I hated the way no one would really treat my illness. I hated the strange way my mother wanted to deal with it instead. I hated her logic. She was so complacent.
‘So how come all you did was cry when dad was sick?’ I asked. ‘Why did you let him die in so much pain?’
‘You think you’re the only one in pain?’ my mother howled back. ‘I hurt all over too! I’ve had all sorts of gynaecological problems. Eroded cervix, inflamed pelvis, obstructed fallopian tubes. None of it’s ever cleared up. I don’t go around shouting about that, do I? No one should ever expect to be completely well!’
I looked at her in astonishment. She was drowning in her own despair. I burst into floods of tears, crying like a helpless baby.
‘A girl shouldn’t let people think she’s too easy!’ my mother yelled.
‘Easy?’ So she was calling me a whore. I ran out of the house.
It was a moonless night. As I walked down the street a car alarm went off and the neighbours poked their heads out between the bars of their security grilles — frightened birds shut away in their luxurious cages. Every possession was guarded by alarms, defended by metal bars with reinforced, galvanised, stainless steel tubing, protected by lock after lock as if otherwise it would just fly away. A locksmith society. A society where prescription medicines had given way to quack remedies. A society where all our troubles would be solved by city-building, share-trading, property-holding, piano-playing, English classes, Peking opera classes, the internet economy and the virtual world. But it had nothing to do with me. I was a whore.
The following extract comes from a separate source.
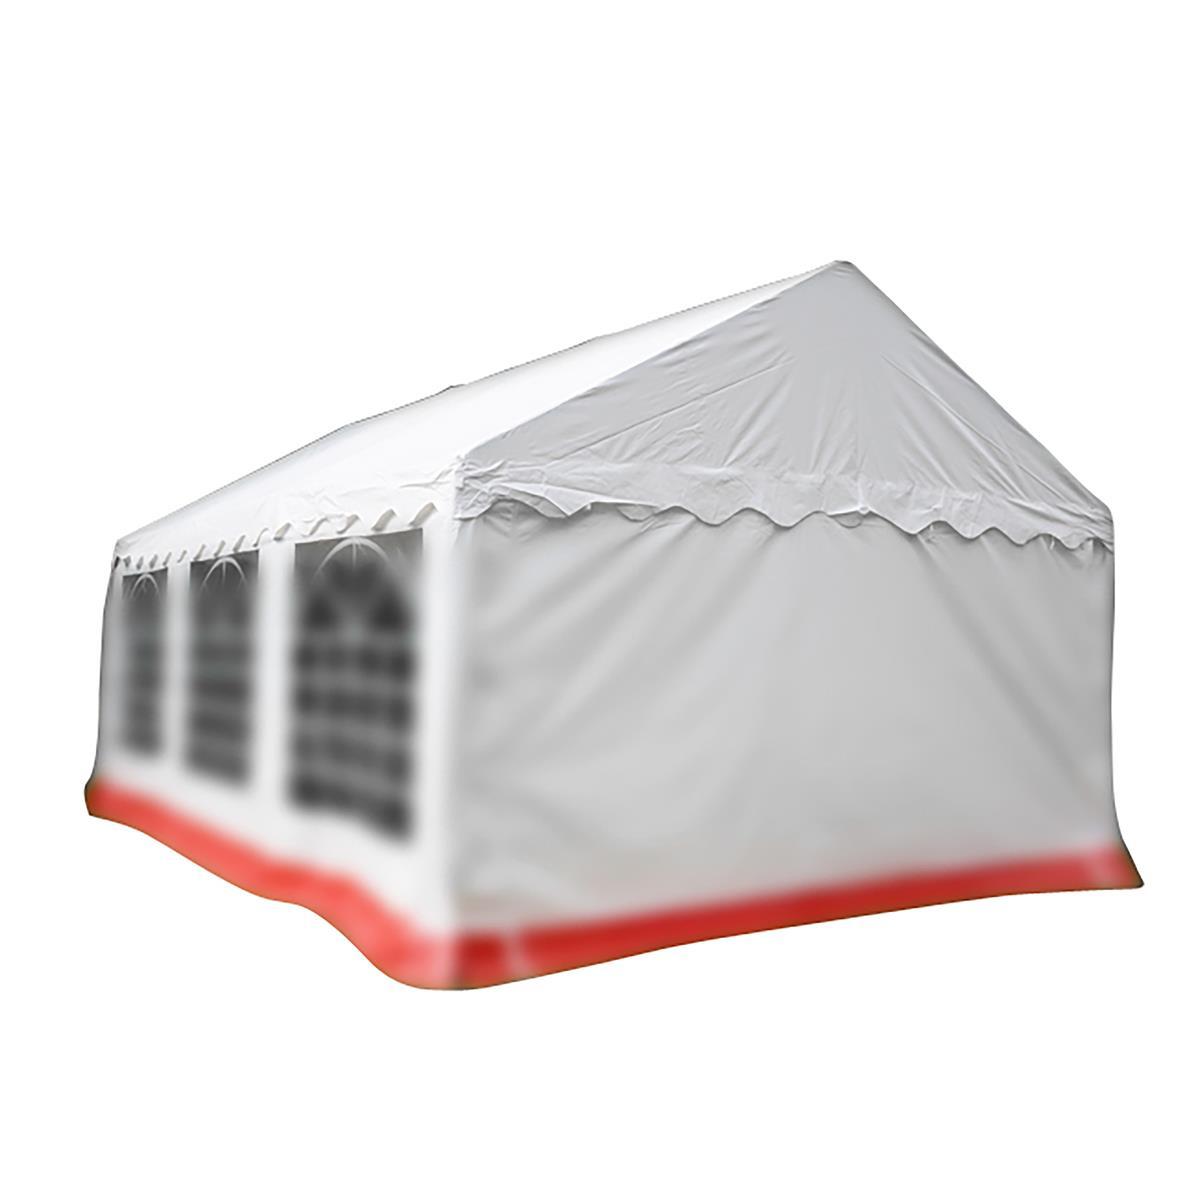 Ersatzdach Dachplane für Partyzelt Pavillon Zelt Festzelt PVC 4 x 6m weiß

I went to the hospital accommodation block and knocked at his door. The assistant opened the door and I collapsed at his feet. He picked me up and panicked and pulled me inside.
‘I’m in pain!’ I cried.
‘Where?’
‘Everywhere!’
Of course, I wasn’t in any pain at all. I was just making it up.
Now I was pretending, I could see pain was nothing to fear. I was writing pain on to my body as if I was writing it on to a piece of paper. I struggled and yelled so skilfully that it was more convincing than the real thing.
‘Please! Stop screaming!’ he begged. ‘Someone’ll hear!’
He was starting to sweat. I carried on screaming.
‘I’m begging you! Stop screaming! I’ll go and get you some medicine.’
‘Medicine! It doesn’t do any good! I’ve had this all my life!’
‘OK … then I’ll tell your mother.’
‘Don’t you dare tell my mum. I’ll die right here in your room!’
He went pale.
‘So what do we do?’
‘Give me some pethidine!’
It was as if my father was talking. His stern, commanding tones rang out, pronouncing the name of that blessed, addictive drug that allowed people to live and die with dignity. The assistant grew paler still.
‘But that’s a controlled drug!’
‘Give me some pethidine!’
The three syllables landed like blows from a whip.
‘Stop saying that!’ He didn’t care if anyone thought he was up to no good with a woman in his room, so long as they didn’t hear us talking about pethidine.